We used to have a lot of national systems that used to work and didn't gouge consumers. Now we have "free market" everything, and life has changed for the worse. (Remember how cheap and reliable phone lines used to be?) Via Business Insider:

Carl Wood, a former commissioner of the California Public Utilities Commission, explained that for the next 60 years, "the local utilities controlled all the parts of the system," so "it was very easy for them to predict how much power was going through the high-voltage lines." The grid would rarely get overloaded, he said, "because it was all very controlled, very planned." And since the primary goal of state regulators and local commissions was to deliver electricity to everyone, rather than gain a profit edge, the grid received regular preventive maintenance. "I was on a traveling maintenance crew, and we'd go from power plant to power plant," Wood, who's also a former Utility Workers Union of America organizer, recalled. "Every four years, every power plant was completely overhauled."

But that system of local control over the grid began to erode in 1992 when Congress passed the federal Energy Policy Act. This policy established a wholesale energy market and deregulated power generation so new entities could enter into competition with the existing local utilities to sell the energy produced at their power plants. The government encouraged competition for the new market by incentivizing private utility companies while constricting existing utilities. Then in 1999, the grid was further deregulated when the Federal Energy Regulatory Commission called for the voluntary creation of regional transmission organizations across much of the US to "reduce the need for Commission oversight and scrutiny," according to the federal order.

Driven by an ideological conviction after the Cold War that the future belonged to free and deregulated markets, these policies were designed to expand private markets into new frontiers. In reality, the laws created a complicated web of different private and public entities managing a chaotic electrical grid. In Ohio, for instance, residents buy their electricity from a private company like AEP, which generates electricity and distributes it to many parts of the state. AEP falls under the jurisdiction of PUCO, which regulates utilities services in the state. And then, depending on which part of the state someone lives in, the systems that transport high-voltage electricity to customers are coordinated by either Midcontinent ISO or PJM Interconnection, nonprofit organizations that oversee the movement of electricity across several states and operate a competitive wholesale electricity market. And all those groups fall under the regulatory umbrella of the North American Electric Reliability Corp. and FERC. This confusing tangle of acronyms isn't unique to Ohio: If you point at a different spot on a US map, there will be a completely different string of equally convoluted private and public entities in charge of delivering electricity.
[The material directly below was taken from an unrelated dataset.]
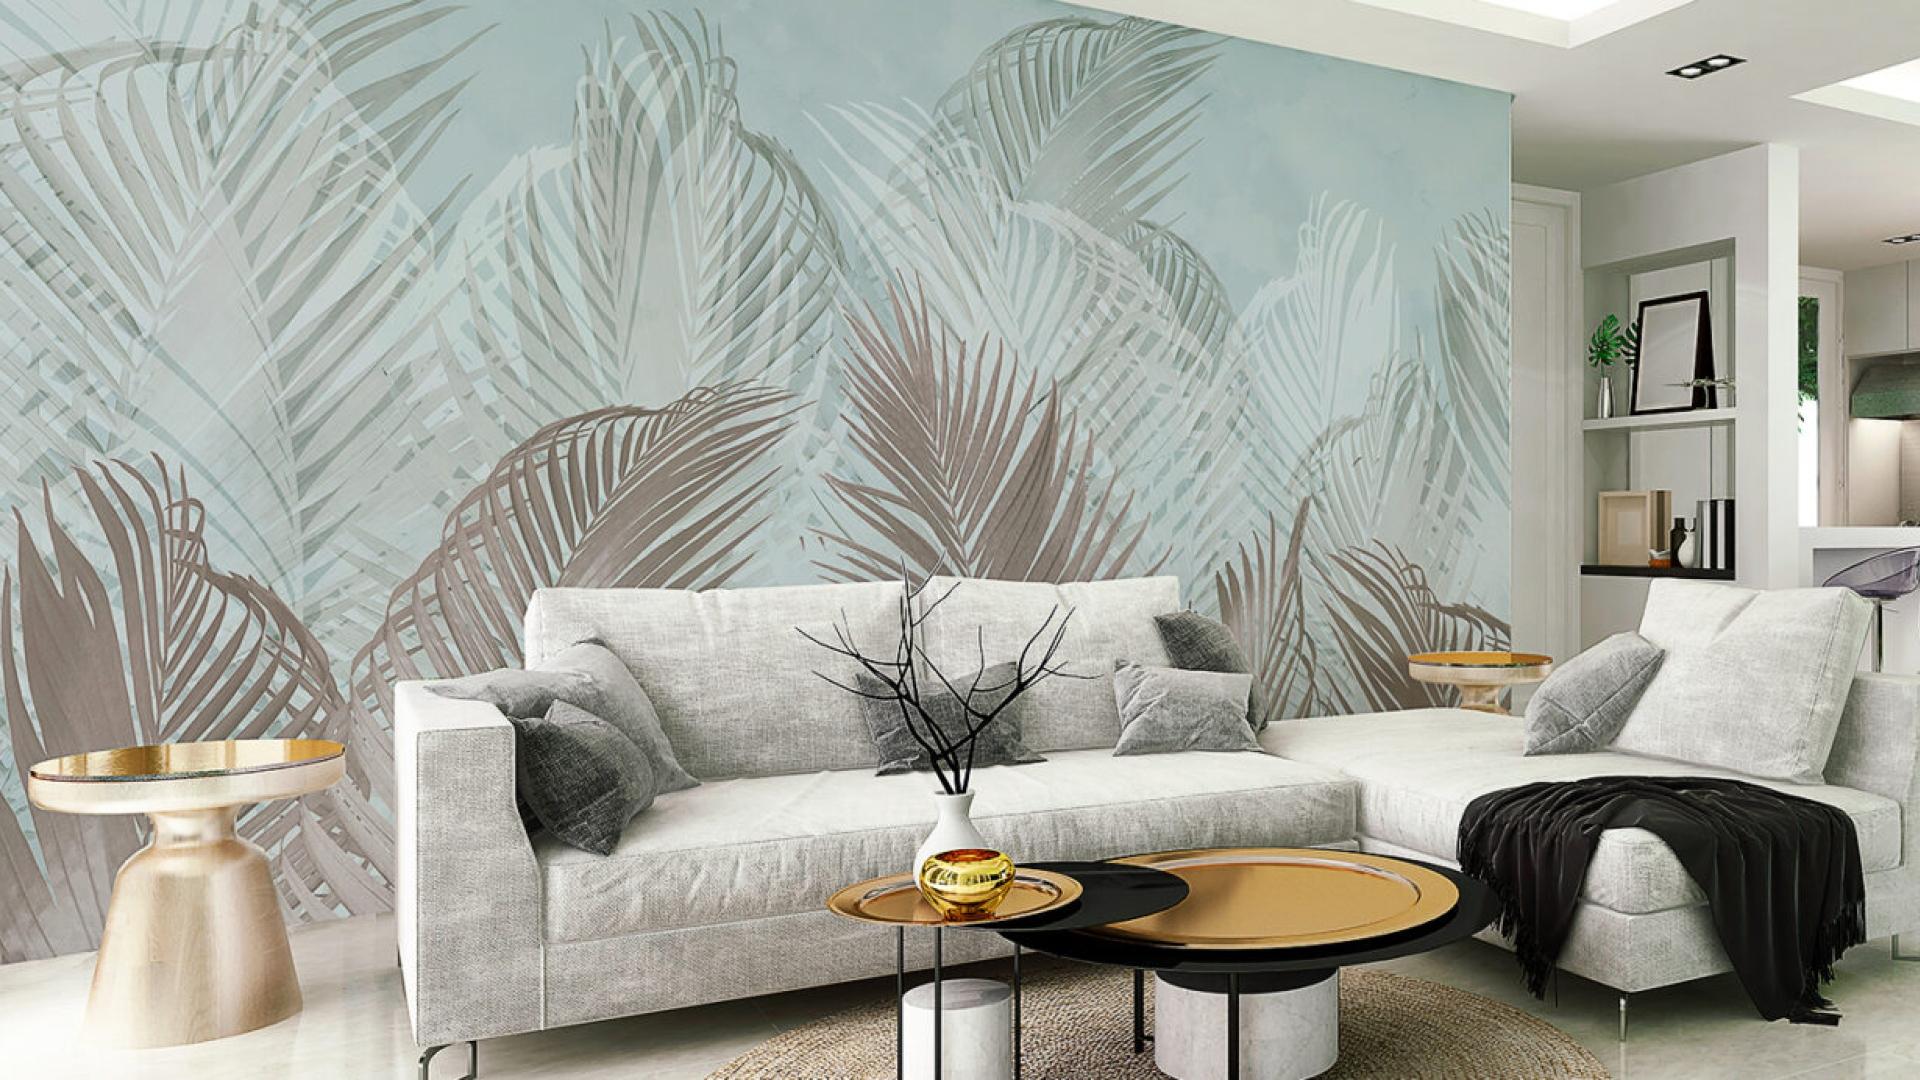 Remontujesz mieszkanie? Oto najmodniejsze kolory ścian w 2021 roku!

Sure, the privatizing pirates always tell us that deregulating "increases efficiency, spurs technological innovation, and lowers prices." Have you seen any proof of that?

But instead of lowering costs or improving the grid, these policies caused energy prices in many areas to spike and led to artificial power shortages. Statewide spending on power in California went from $7 billion in 1999 to $28 billion in 2000 and led to the 2000-01 California electricity crisis, in which the energy company Enron created an artificial energy shortage to jack up prices. California's artificial shortage eventually triggered a real crisis as multiple large-scale rolling blackouts gripped the state, affecting millions of residents for years. And reports suggest these profit-seeking schemes have happened in other places, too, though private-energy firms generally deny the claims.

Who, us? We'd jack the system just to make more money? We are INSULTED. (That you're accusing us of doing that thing we're doing.)

Capitalism only works when it's heavily regulated. And it isn't.